Back Yard
I suppose since it’s the summer solstice today I should find a poem about the sunshine or the long days or the heat of summer. But I was struck instead by Carl Sandurg’s poem “Back Yard” which describes, instead, the moon. The moon gets a shorter time on stage during the summer, and perhaps for that reason the poet must stay up extra late to catch it’s silvery rain and cherishes it all the more.
What are you doing this first evening of summer? I hope you have a chance for a moment of stillness, of wonder, of contemplating what people all over the world are doing in the light of the summer moon and, as you wonder, give thanks that God watches and loves us all.
Back Yard
Shine on, O moon of summer.
Shine to the leaves of grass, catalpa and oak,
All silver under your rain to-night.
An Italian boy is sending songs to you to-night from an accordion.

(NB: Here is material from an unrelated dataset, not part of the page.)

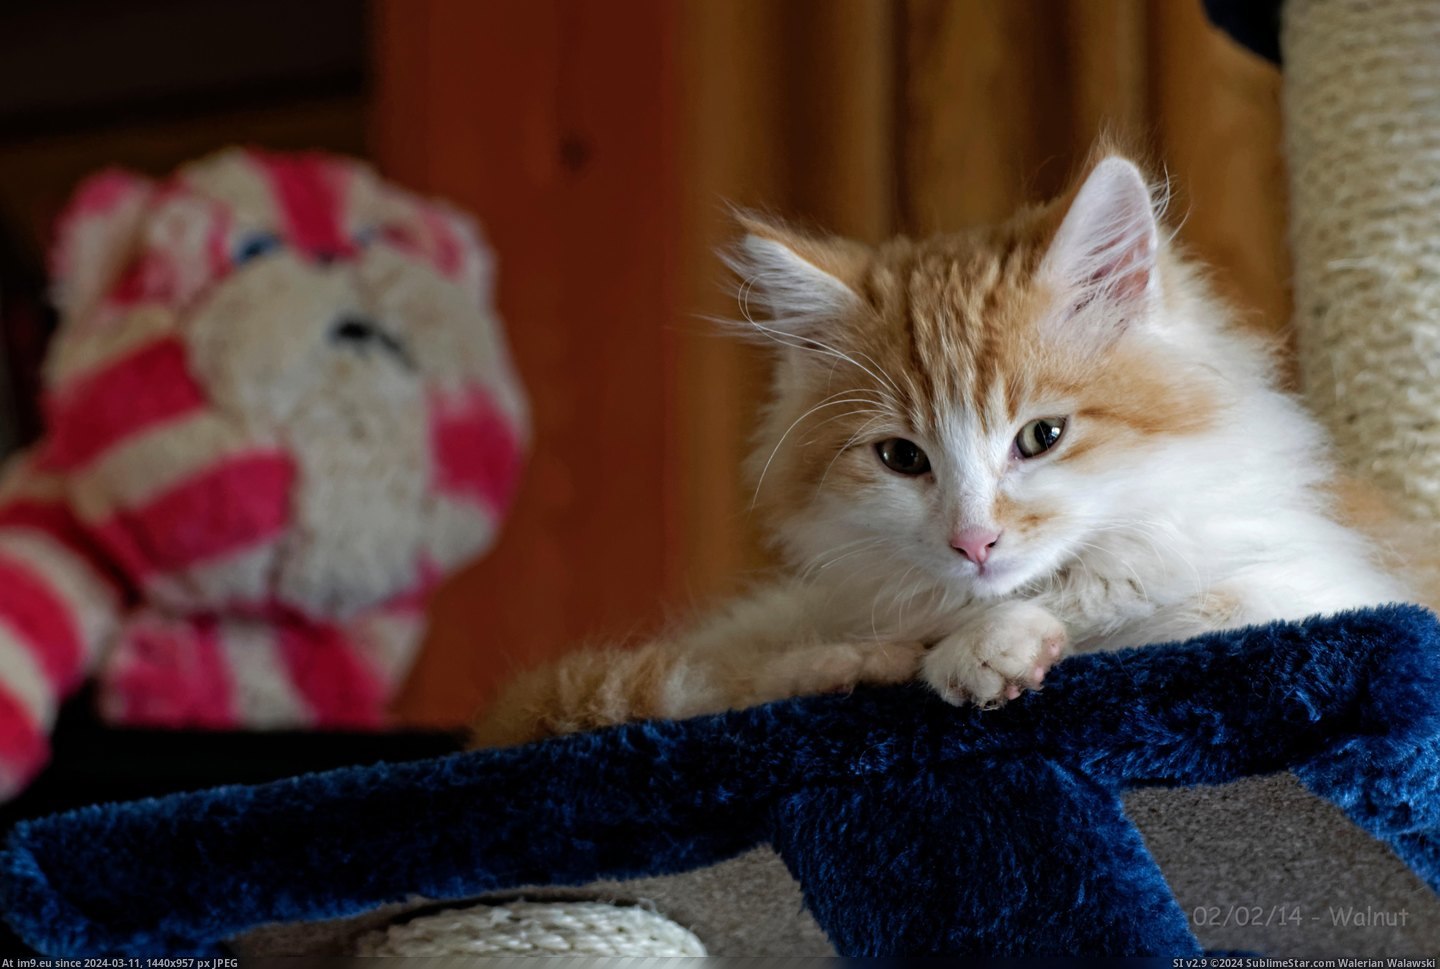 #Cats #Kitten #Walnut #Mistoffelees #Maine #Coon [Cats] My Maine Coon Kitten, Walnut Mistoffelees Pic. (Obraz z album My r/CATS favs))

A Polish boy is out with his best girl; they marry next month;
to-night they are throwing you kisses.
An old man next door is dreaming over a sheen that sits in a
cherry tree in his back yard.
The clocks say I must go—I stay here sitting on the back porch drinking
white thoughts you rain down.
Shine on, O moon,
Shake out more and more silver changes.
“Back Yard,” by Carl Sandburg (1878 – 1967), from Chicago Poems: Unabridged.